Now the wireless printer doesn't work anymore so we have to dig up how we set it up in the first place, along with finding a USB cable that is mechanically compatible with the connectors. The printer paper manual really sucks but the online manual is slightly better.

Whatever you end up doing, keep a diary because in 6 months or a year from now you will be doing this all over again.

For one reason or another computers are unreliable and a sinkhole for time and effort. If cars worked this badly there'd be congressional hearings on it.


----------



## m1911 (Feb 24, 2009)

Leo G said:


> Damn that sounded like it was going to work.
> 
> No change.


I got one of these.

http://www.asus.com/us/Networking/USBN10/


----------



## ScipioAfricanus (Sep 13, 2008)

Taking a wild guess here but it could be that the lap-top which uses the Centrino processor, dual core is a slow azz piece of chit. Also it is running XP.

Now going with this theme you might get quicker downloads if you got a more modern lap-top.

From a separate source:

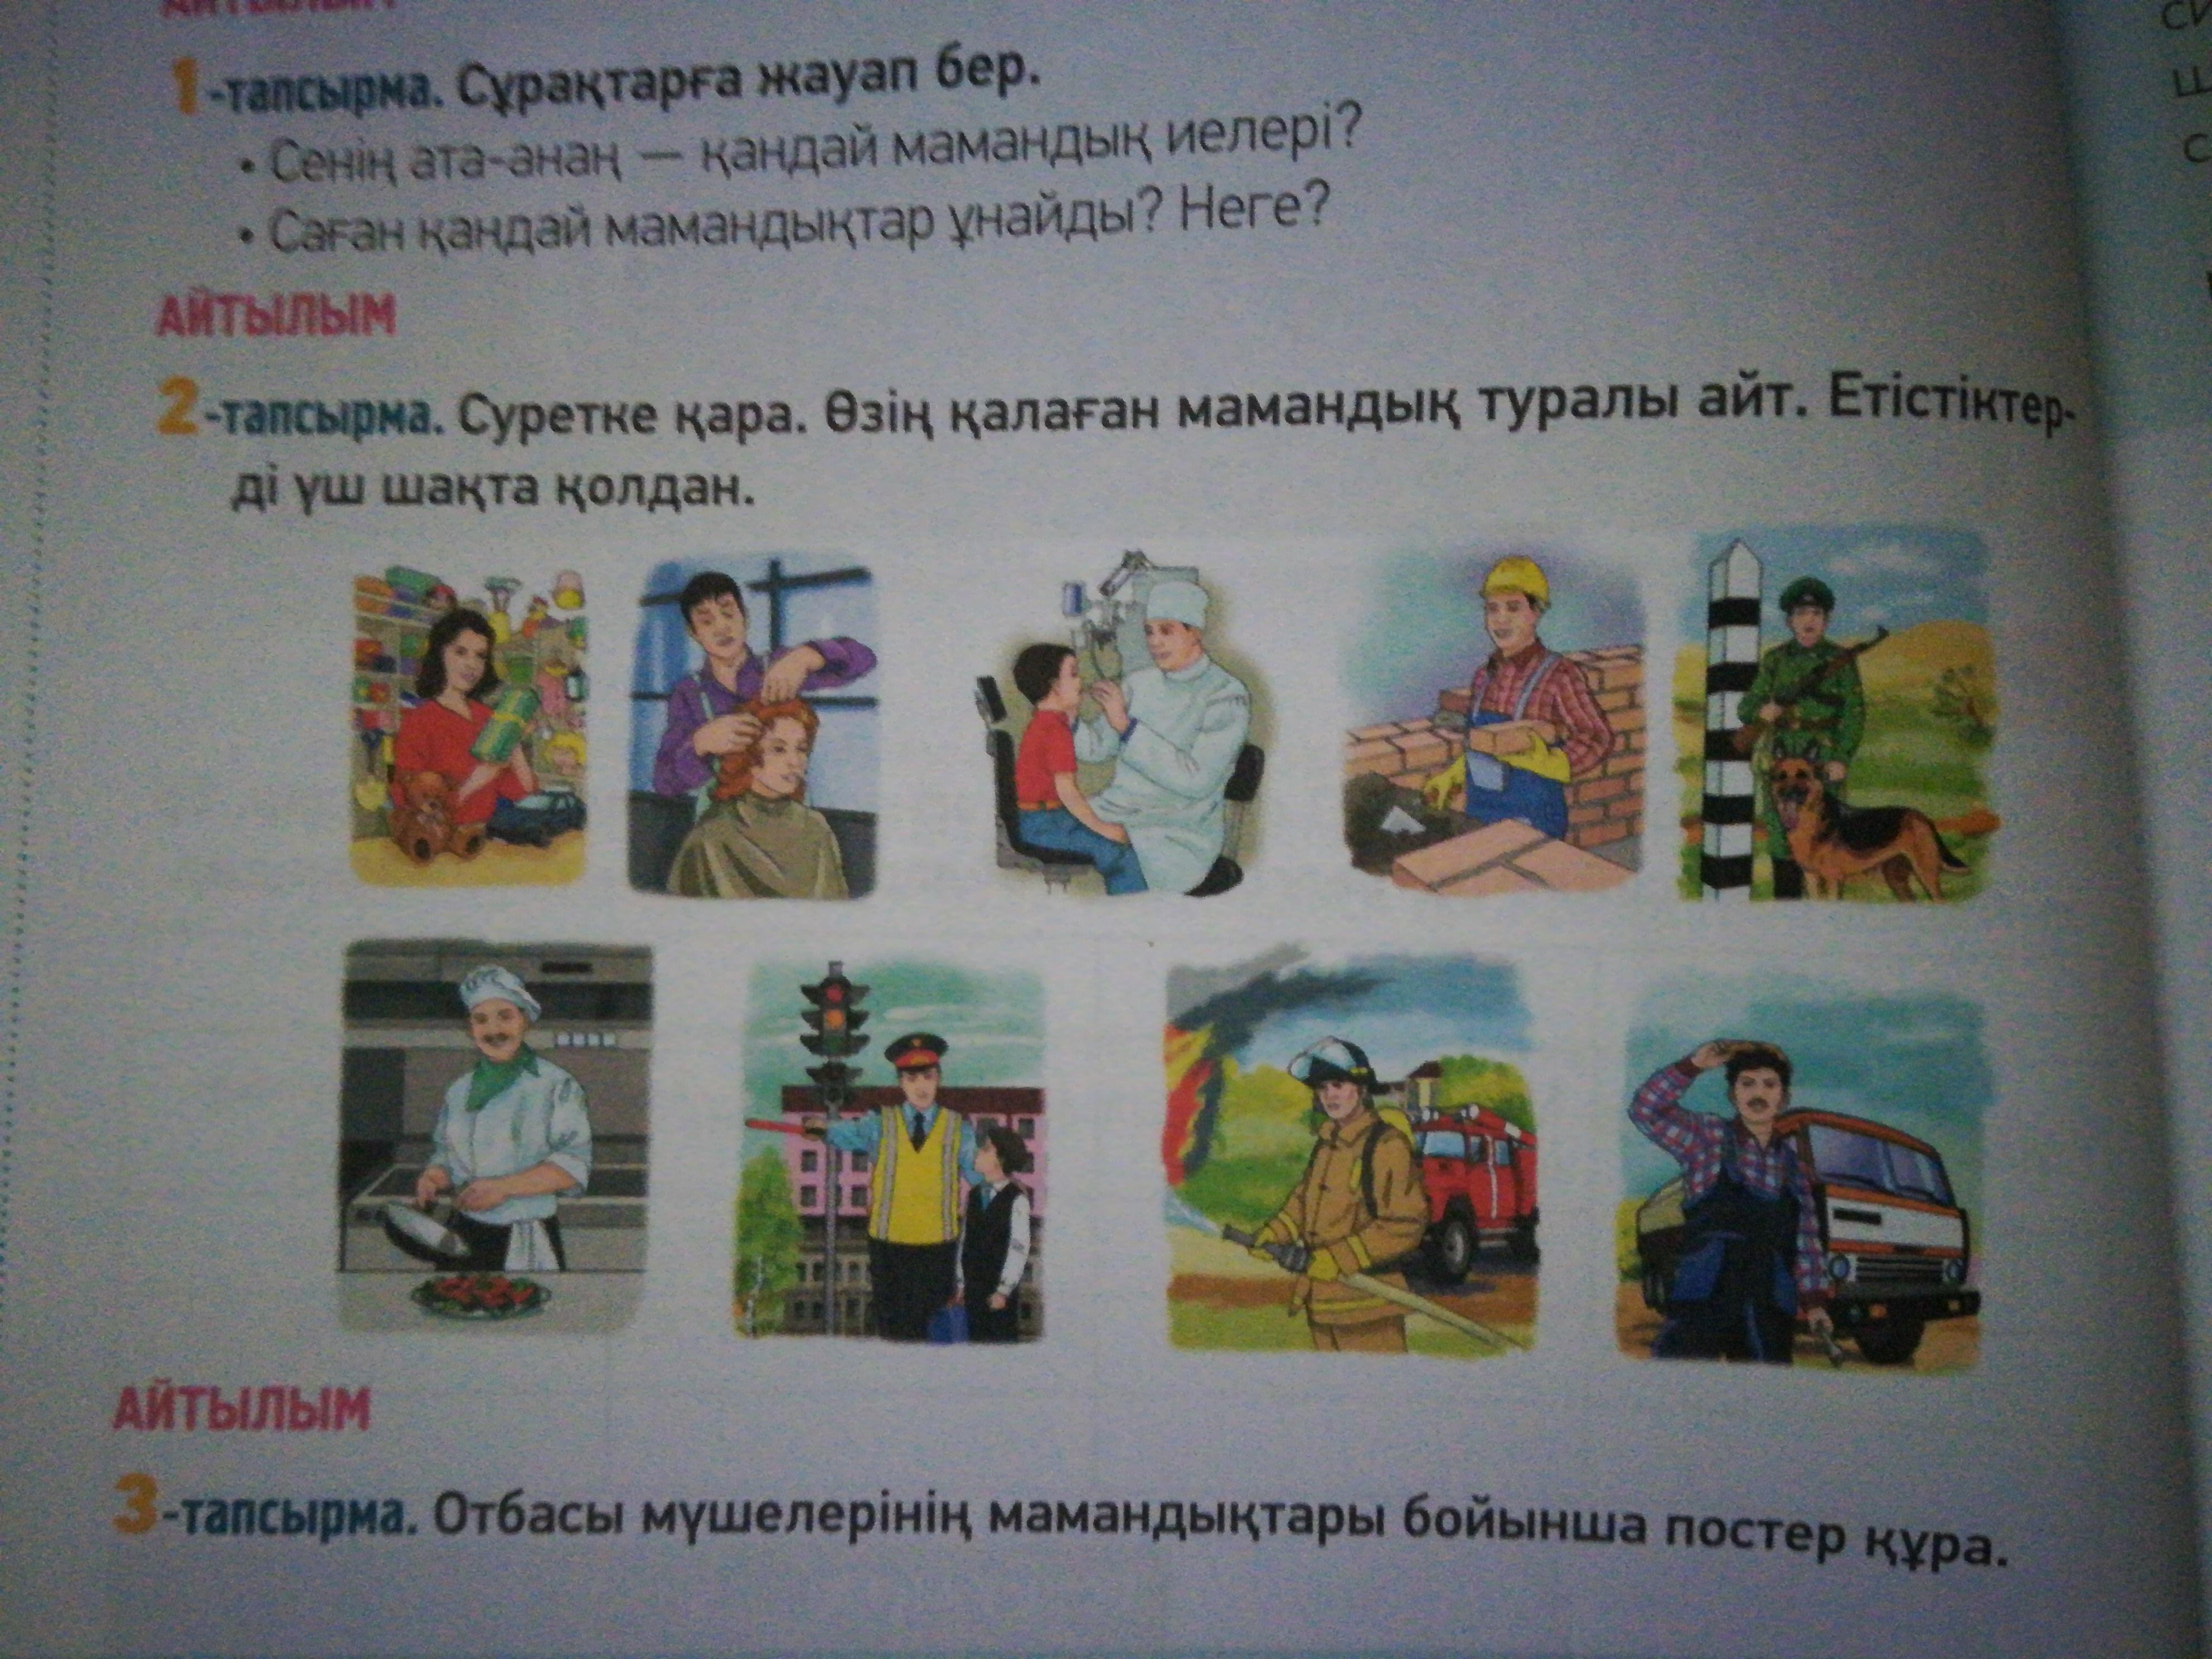 Пожалуйста сделайте домашнее задание по казахском

Something with Windows 8.1 or now that I think about it, look into the Chrome book.
Depending on what you want to do with it it might be the best bang for your buck.
If you want to run Windows programs then a windows machine but if it is just for email, Netflix and other internet based things that is what I would buy.

Andy.


----------



## Leo G (May 12, 2005)

Trying not to spend $2K to fix my problem. Centrino is a single core processor and a duocore would be faster. The computer itself isn't that bad, but it is getting older. I know the Wifi Card in it is definitely old generation, won't even do 5GHz


----------



## m1911 (Feb 24, 2009)

Leo G said:


> Trying not to spend $2K to fix my problem. Centrino is a single core processor and a duocore would be faster. The computer itself isn't that bad, but it is getting older. I know the Wifi Card in it is definitely old generation, won't even do 5GHz


Try one of those usb dongles I suggested, I got mine for $15. Works better than built in wifi in my old laptop.


----------



## Leo G (May 12, 2005)

I might have one of those kicking around.


----------



## Golden view (Feb 16, 2012)

Do you actually notice the slower speed? That's plenty for web browsing, HD streaming, etc. Big downloads will be half as fast.

You say you don't want to spend $2k to fix it. You could get an enormous upgrade for $500.


----------



## Leo G (May 12, 2005)

I need a computer that can deal with 3D graphics in CAD. Just the video card costs that.


----------



## Robie (Feb 25, 2005)

Even in a PC?


----------



## Leo G (May 12, 2005)

Recommended Laptop Systems (October 2014):

Intel® Core™ i7 Dual Core Processor (i7-2620M) at 2.70GHz (or faster)
Windows® 8 Professional 64-bit
8 GB, DDR3-1333 Memory
160GB Hard Drive (7200RPM)
2GB nVidia® Quadro® 1000M Graphics Card
Integrated Ethernet
24X max/10X min CD-ROM Drive
Two-button mouse w/Scroll
Broadband Internet Access


----------



## Dan_Watson (Mar 1, 2008)

Just about half that... This thing is a beast for the price.

http://www.amazon.com/Lenovo-17-3-I...TF8&qid=1426559469&sr=8-2&keywords=lenovo+y70


----------



## SectorSecurity (Nov 26, 2013)

Break out the cat5e cable (cat6) if u want to be fancy because the way to get the best speed is to go wired.


----------



## Golden view (Feb 16, 2012)

Leo G said:


> I need a computer that can deal with 3D graphics in CAD. Just the video card costs that.


I thought we were talking about upgrading a 10 year old laptop.


----------



## Leo G (May 12, 2005)

My laptop works great. The program I use (eCabs) is barely skating by though. My graphics card is outmatched and there is no replacing it. Eventually an upgrade to the program will make it unusable in my computer.

On of the reasons, besides money, for me not upgrading is the screen. I have one of the older screens that is much taller then the newer 1080 format. I like that, and I don't care for the squatness of the new format.


----------



## Leo G (May 12, 2005)

Well I ordered a new WiFi card. Less then $15 including shipping. If it works great, if not, no big loss.

http://www.amazon.com/gp/product/B00FA3NR3E/ref=oh_aui_detailpage_o00_s00?ie=UTF8&psc=1


----------



## TWhite (Oct 29, 2013)

Look at a 13" MacBook Pro. You can find them competitively priced.


----------



## Leo G (May 12, 2005)

Apple. Me. Riiight.

I have a 17" screen. Not downgrading


----------